## TASK STATEMENT
Give back, unchanged, the line containing "Mercato - Manchester" and every line after it up to the end of the listing.

## STUDY MATERIAL
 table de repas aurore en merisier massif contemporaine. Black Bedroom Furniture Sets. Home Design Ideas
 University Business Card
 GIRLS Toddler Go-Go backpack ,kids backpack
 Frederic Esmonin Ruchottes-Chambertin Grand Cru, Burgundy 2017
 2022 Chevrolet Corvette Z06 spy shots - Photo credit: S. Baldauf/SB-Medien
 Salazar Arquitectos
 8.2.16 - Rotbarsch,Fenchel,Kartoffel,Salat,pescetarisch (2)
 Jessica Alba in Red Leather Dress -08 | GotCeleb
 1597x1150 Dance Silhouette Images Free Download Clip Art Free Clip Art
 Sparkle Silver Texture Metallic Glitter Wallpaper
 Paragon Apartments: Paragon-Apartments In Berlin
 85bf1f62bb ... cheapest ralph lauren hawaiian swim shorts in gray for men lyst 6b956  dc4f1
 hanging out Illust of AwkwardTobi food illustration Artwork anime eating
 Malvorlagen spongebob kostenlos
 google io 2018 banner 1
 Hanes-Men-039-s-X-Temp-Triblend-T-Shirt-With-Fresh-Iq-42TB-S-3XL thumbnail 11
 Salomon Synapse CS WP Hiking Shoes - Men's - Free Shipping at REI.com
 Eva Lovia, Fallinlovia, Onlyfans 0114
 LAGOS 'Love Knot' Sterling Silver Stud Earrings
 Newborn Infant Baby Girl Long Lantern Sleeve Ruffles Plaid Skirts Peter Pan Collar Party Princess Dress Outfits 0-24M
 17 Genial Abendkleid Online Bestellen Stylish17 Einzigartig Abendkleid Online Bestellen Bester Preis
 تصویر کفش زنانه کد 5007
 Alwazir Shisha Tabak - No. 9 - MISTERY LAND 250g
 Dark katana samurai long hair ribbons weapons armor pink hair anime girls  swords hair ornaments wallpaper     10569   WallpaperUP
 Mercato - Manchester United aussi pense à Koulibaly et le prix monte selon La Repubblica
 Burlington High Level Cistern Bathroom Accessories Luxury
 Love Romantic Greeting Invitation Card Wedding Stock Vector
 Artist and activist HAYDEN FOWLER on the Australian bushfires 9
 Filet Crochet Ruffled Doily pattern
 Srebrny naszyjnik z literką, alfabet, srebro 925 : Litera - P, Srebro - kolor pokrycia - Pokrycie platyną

## WRITTEN RESPONSE
 Mercato - Manchester United aussi pense à Koulibaly et le prix monte selon La Repubblica
 Burlington High Level Cistern Bathroom Accessories Luxury
 Love Romantic Greeting Invitation Card Wedding Stock Vector
 Artist and activist HAYDEN FOWLER on the Australian bushfires 9
 Filet Crochet Ruffled Doily pattern
 Srebrny naszyjnik z literką, alfabet, srebro 925 : Litera - P, Srebro - kolor pokrycia - Pokrycie platyną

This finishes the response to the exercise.